Леметр говорит в одном месте: «Что интересует нас, в конечном счете, когда мы анализируем произведения искусства, — так это трансформация или хотя бы деформация реальности в душе: оригинальная душа — вот что интересно».4 Еще интереснее общее самоопределение Леметра, его объяснения того, что профаны называли «чрезмерной сложностью» его души.

«Мы сложны или считаем себя таковыми, — говорит он. — Но это потому, что наши страсти и душевные движения довольно бледны, бесконечно менее повелительны и тираничны, чем у человека наивной эпохи. В нашей душе никакое новое впечатление не может уничтожить следов предыдущих впечатлений. Наоборот, в нас они живут одно в другом, так что в минуты решения мы находим в себе сразу много желаний и отвращений, я сказал бы, много воль, в которых сказывается еще и влияние отдаленных и тайных наследственных переживаний и наслоившихся друг на друга миросозерцании».5

Как видите, это классически ясное признание в гамлетизме. Только Леметр долгое время был Гамлетом, к которому не являлся никакой призрак, чтобы возложить на его хрупкие плечи несовместимый со скептическим полупсихозом повелительный долг.

Я помню, Русанов посвятил когда–то в «Русском богатстве» любопытную статью характеристике Жюля Леметра и Анатоля Франса.6 Это было задолго до дрейфусиады. Русанов с известной долей права трактовал обоих писателей, как близнецов, как двух Аяксов, постоянно начиная свои характеристики словом «оба».

Действительно, оба они, притом воздавая взаимную хвалу, держали рекорд утонченного вкуса и любезно улыбающегося сомнения. Нужна была огромная чуткость, чтобы увидеть в то время, какое расстояние отделяет дитя Парижа — Франса от турского крестьянина — Леметра. Они и сами не видели этого расстояния, хотя Франс однажды не то с похвалой, не то со скрытой иронией выразился о своем коллеге: «Жюль Леметр — писатель добронравный. Он защитник общественного порядка и частных добродетелей. В этом отношении он никогда не колебался и не отступал. Ум у него живой и гибкий, но отнюдь не извращенный».7

Да, под шикарным фраком любимца передовых салонов скрывалась преисполненная консервативных инстинктов грудь крестьянина.

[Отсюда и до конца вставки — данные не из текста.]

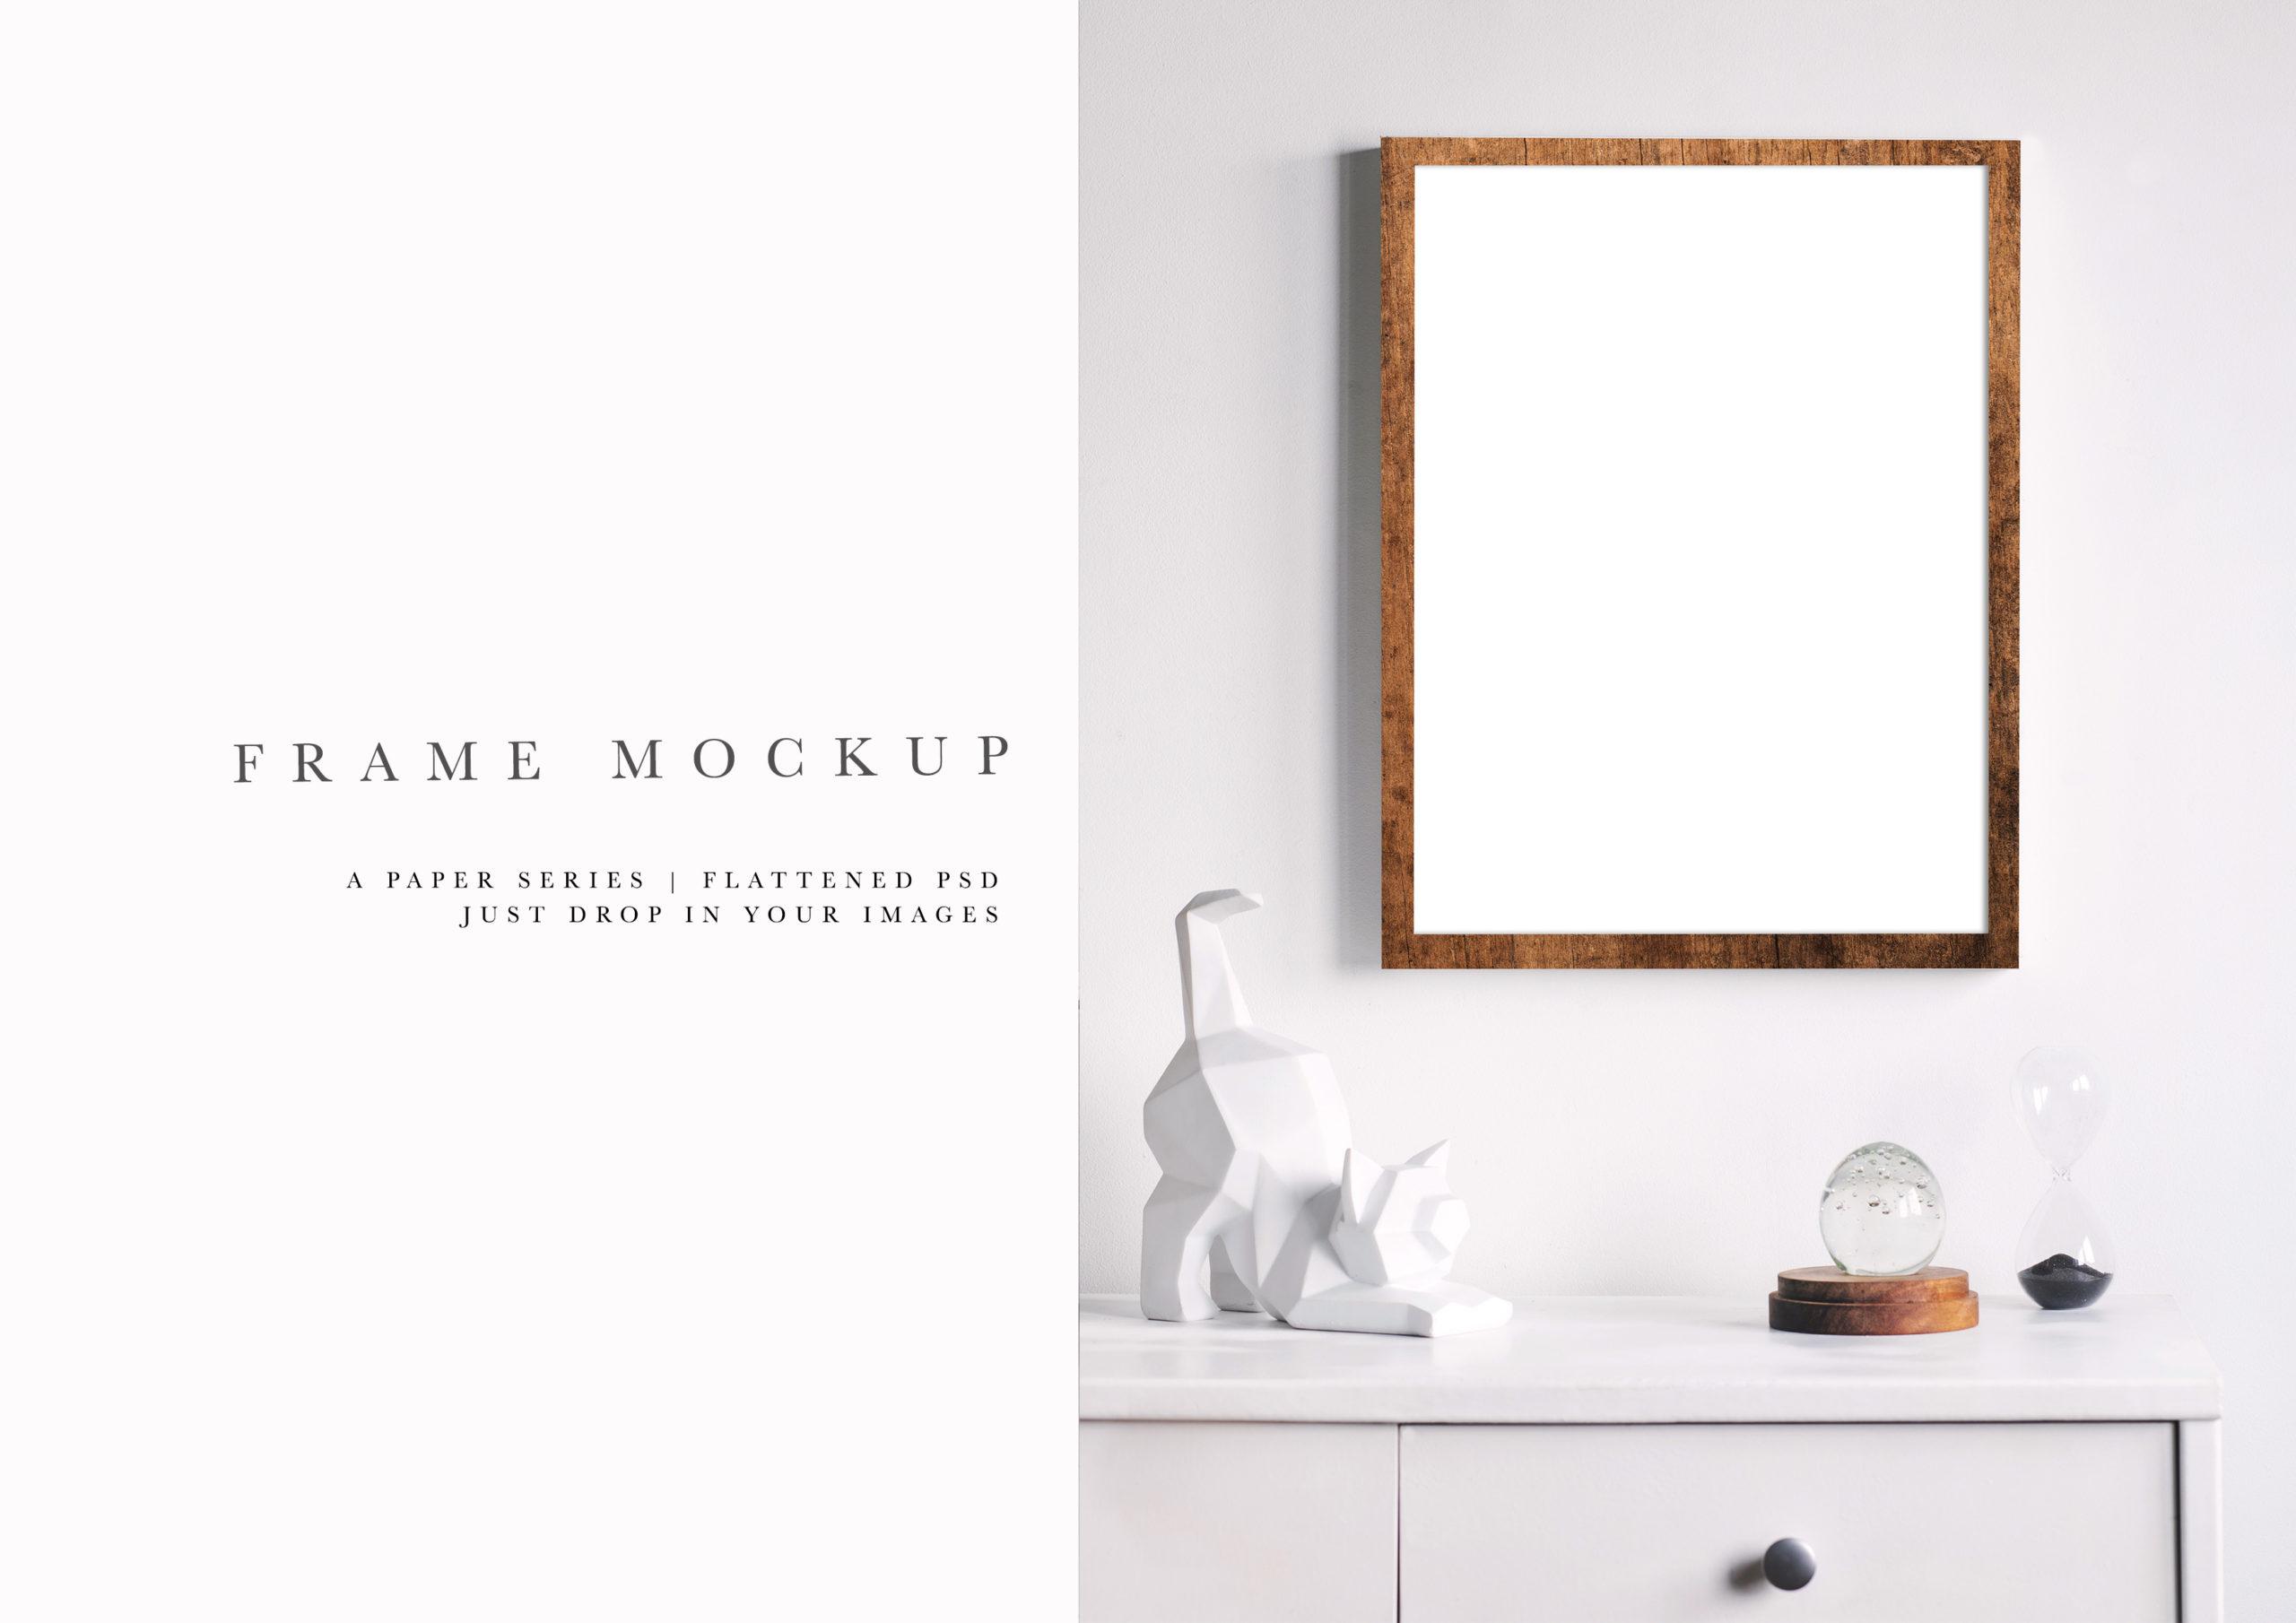 Styled Walnut Wood Portrait Photo Frame Mockup #214
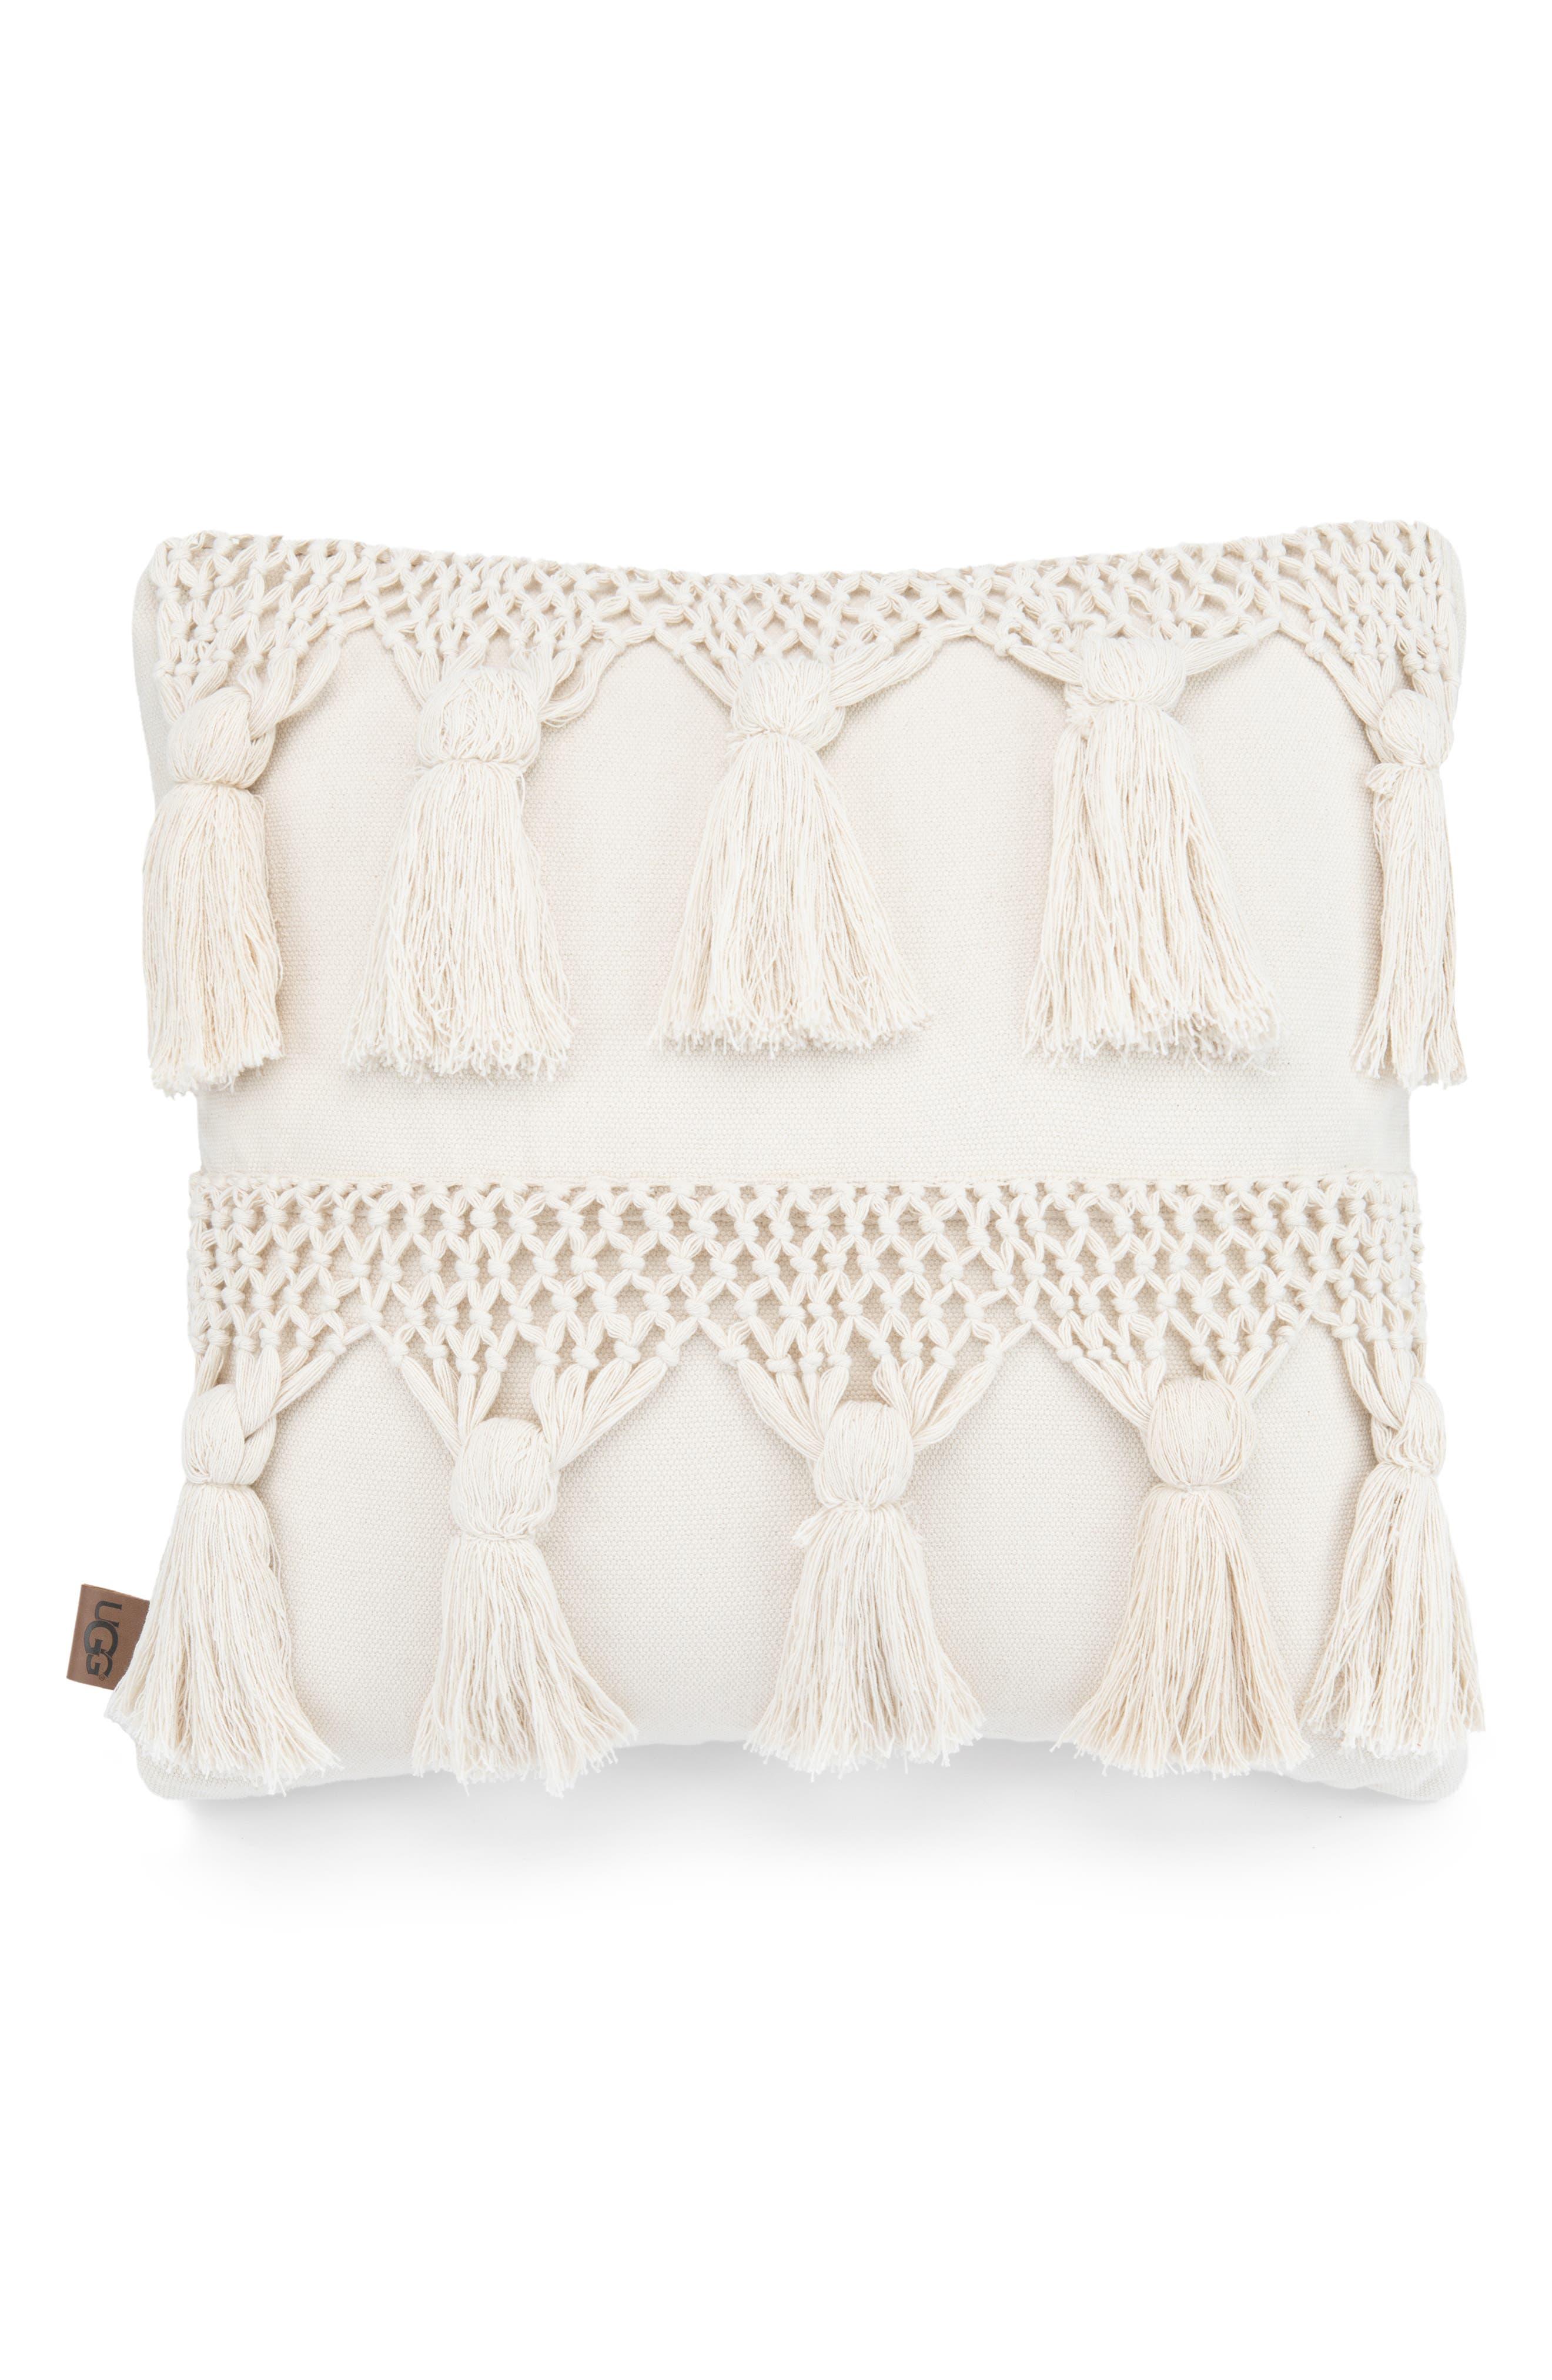 UGG<SUP>®</SUP> Playa Tassel Accent Pillow, Main, color, NATURAL

«Та капля истинной мудрости, — пишет Леметр в пятой серии своих «Современников», — та капля духовного смирения и чувства меры, которыми я обладаю, досталась мне потому, что прежде, чем быть — увы! — писателем, парижским ремесленником пера, я был крестьянином, привязанным к своей колокольне, своему двору, своему лугу».8

Дело Дрейфуса окончательно разбудило и вызвало наружу деревенскую закваску Леметра.

Анатоль Франс был испуган мрачным вероломством донов Базилио 9 главенствующей, даже в республике, церкви и раззолоченных генералов реакционной армии. Он никогда не отличался особенным энтузиазмом по отношению к понятию прогресса. Тем не менее если он ждал некоторого смягчения нравов и улучшения участи сынов человеческих, то только от просвещения. Этот парижанин — глубокий и инстинктивный интеллектуалист. Прекрасно сознавая, что наука и разум встретят злейших врагов в поповщине и военщине, грозно протянувших руку к окончательному овладению Францией, Анатоль Франс со всей энергией, на какую только был способен, бросился в лагерь самообороны светской цивилизации.

Наоборот, Леметр всегда шел дальше в своем скептицизме относительно разума. Он, как и Брюнетьер, принадлежал к числу людей, испытывавших перед торжеством и широкими притязаниями людей точных знаний род отвращения, естественный у натур эмоциональных, будь они догматики чувства, как покойный Брюнетьер, или импрессионисты его, как Леметр.

Напротив, по отношению к морали «добронравный» Леметр был консерватором. Деревенский дух содрогался в нем перед перспективой утраты авторитарных устоев поведения. Широкий в области вкуса там, где шло дело о «роскоши психической жизни», этот снаружи так модно отполированный мужик нахохливался и злился, заслышав о какой–нибудь вольности в области ходячих правил житейской практики.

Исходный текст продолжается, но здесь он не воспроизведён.